Шутка ли сказать, в здешних парикмахерских стрижка стоит двадцатку, конечно, в Москве есть и подороже, но не о том сейчас речь.

Лена обожает Лукаса: он молчалив и спокоен, любит копаться лопаткой, потому что «арбайтер». Никлас любит щипнуть братца исподтишка, покачаться на дереве, поистерить, повизжать и, в конце концов, описаться в джинсы. 

Когда Лена приехала в Германию, Лукас еще в памперсах ходил, демонстрируя всем своим недолгим существованием европейскую толерантность родителей и свободное воспитание. Лукас как-то обкакался, Сильвия всё поняла, но продолжала листать журнальчик, когда Лена подмыла малыша, Сильвия спросила:

- Зачем ты его подмыла?

- Он обкакался, – отвечала простодушная Лена.

- Но подмыла-то ты его зачем?!

Сильвия давно-давно, а точнее тридцать восемь лет назад, находилась в таком положении и, видно, забыла эти ощущения.

Да, Сильвии тридцать восемь, красива, на певицу Сандру похожа и на Сандру Баллок тоже немного, откуда взялся этот тип смуглых немок, южанки что ли?  У Сильвии был выбор, был-был, вы не волнуйтесь! Она высокая, поэтому полюбить должна была мужчину выше себя. И чтоб со справкой о том, способен  делать детей. Она Петеру такую же справку предоставила. Представляю, что это была за свадьба! С роскошным белым лимузином вместо пресловутого сказочного белого коня, променадом по королевскому парку с толпой нужных гостей…

А что, Петер – нормальный выбор. У него свое бюро, дом огромный в дорогом районе Кирхроде. Жена может не работать.  А для детей будет  няня, славянская рабыня.  

Бассейн у них большой, но вот вода в Германии дорога, поэтому мыться детям каждый день не приходится – не по карману. Лена, дура жалостливая, хочет ножки пыльные обмыть. Не надо, Лена. В субботу полностью помоются.

Сильвия и обед решила не давать, где-то вычитала, что если не кормить детей обедом, они потом хорошо поужинают.  Я вижу, как Лукас собирает какие-то листочки, пытается их жевать. Лена чуть с усилием разжимает его  рот и сочувственно бросает:

- Голодный он.

Лукас молча возвращается в песочницу, но игра надоедает, устал, трёт глаза. Ничего, что я скажу еще вам, что как-то раз Лукас нашел в доме черствую корку и с удовольствие съел её (мама, наверное, не видела, поэтому не отняла).

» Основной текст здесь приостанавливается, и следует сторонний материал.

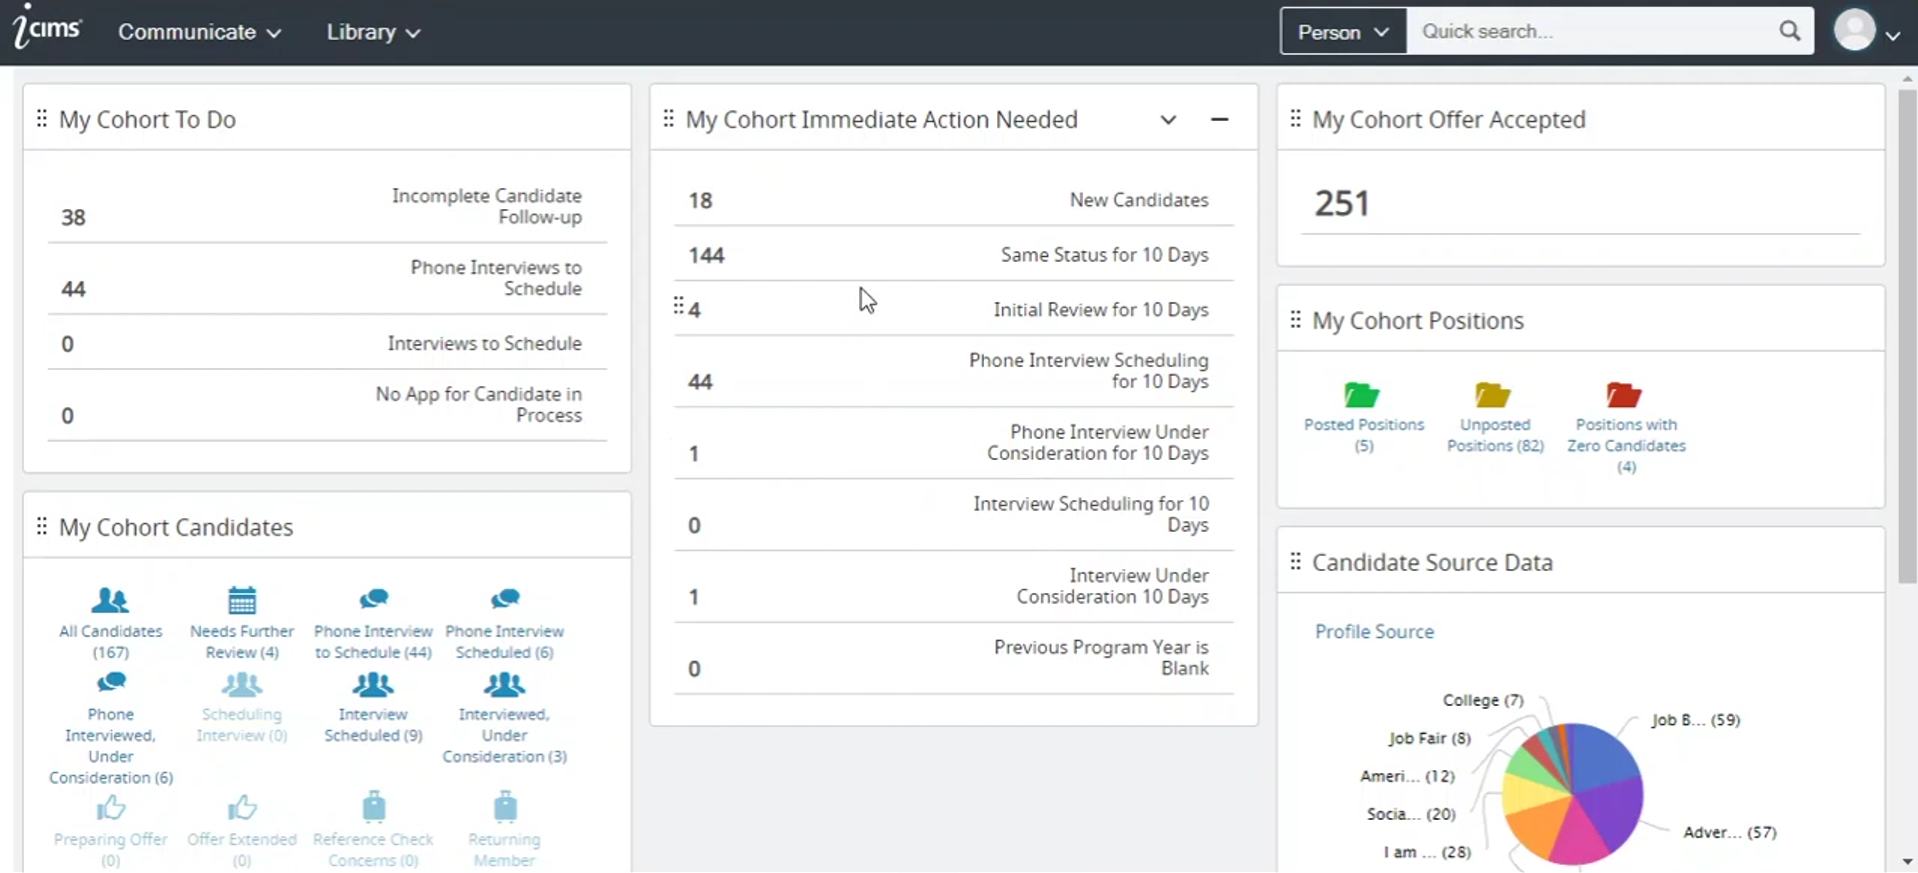 Screenshot of iCIMS Applicant Tracking System Showing Candidate Scores, Hiring Manager Feedback and Job Report

И еще Сильвия против, чтобы дети днём спали. Она уложит их в семь вечера и до утра. Отпустит Лену по своим делам.

Как вы думаете, Петер любит Сильвию? Да, пожалуй. На её день рожденья купил тридцать восемь роз и на пороге дома вручил….Лене. Сказал:

- Лена, поднимись наверх и отдай это Сильвии.

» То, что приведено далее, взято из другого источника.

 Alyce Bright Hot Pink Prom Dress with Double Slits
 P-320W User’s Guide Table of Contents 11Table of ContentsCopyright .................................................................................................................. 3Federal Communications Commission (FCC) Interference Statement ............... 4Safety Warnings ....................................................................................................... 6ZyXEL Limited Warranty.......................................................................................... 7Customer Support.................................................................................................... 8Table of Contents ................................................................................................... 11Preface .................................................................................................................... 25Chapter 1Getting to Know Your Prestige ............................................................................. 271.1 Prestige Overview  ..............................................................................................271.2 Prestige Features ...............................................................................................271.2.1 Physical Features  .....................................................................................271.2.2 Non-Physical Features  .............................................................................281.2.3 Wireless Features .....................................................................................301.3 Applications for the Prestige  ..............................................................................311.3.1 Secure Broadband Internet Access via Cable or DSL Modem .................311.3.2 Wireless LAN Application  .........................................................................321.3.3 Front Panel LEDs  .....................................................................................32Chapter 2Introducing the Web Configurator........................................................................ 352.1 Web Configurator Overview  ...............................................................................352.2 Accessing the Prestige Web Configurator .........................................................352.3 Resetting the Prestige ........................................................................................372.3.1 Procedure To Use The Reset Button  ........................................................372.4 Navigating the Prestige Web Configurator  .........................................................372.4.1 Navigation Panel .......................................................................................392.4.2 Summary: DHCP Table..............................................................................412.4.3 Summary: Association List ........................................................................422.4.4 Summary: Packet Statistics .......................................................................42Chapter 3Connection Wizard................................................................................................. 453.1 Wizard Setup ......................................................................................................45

А вы знаете, что нужно делать, чтобы мужчина был «хайс», горячий? Не знаете?! Ну, так это просто. Нужно в пищу ему добавлять тёртые орехи.

- Сильвия, вы каждый день даете Петеру орехи? – спрашивает глупенькая Лена.

- Нет, что ты! Раз в неделю!

Сильвия, не вздумай переложить орехов Петеру, а то еще родится третий мальчишка, какать  в памперсы будет и корку просить на обед.

  

Ein paar  W?rter ?ber Goethe und Hannover museum 

Вот Вертер был не как Грегор Замза. Сам мечтал быть майским жуком, чтобы «плавать в море благоуханий»…Пантеизм  и способность Гёте поместить во вторую часть «Фауста» всю Вселенную  – тема исчерпанная, пожалуй, но что бы сказал немецкий поэт и мыслитель, побывав в  ганноверском Landesmuseum, созданном, впрочем, спустя полвека после  его смерти. Представьте, если бы Дарвиновский музей скрестили с Музеем изящных искусств, а океанариум – с Эрмитажем. У нас в Москве по такому принципу строятся только гипермаркеты, а в Германии не побоялись объединить зоологию, археологию, этнографию, искусство в одном….Не будем говорить плохо это или хорошо. Есть – и всё!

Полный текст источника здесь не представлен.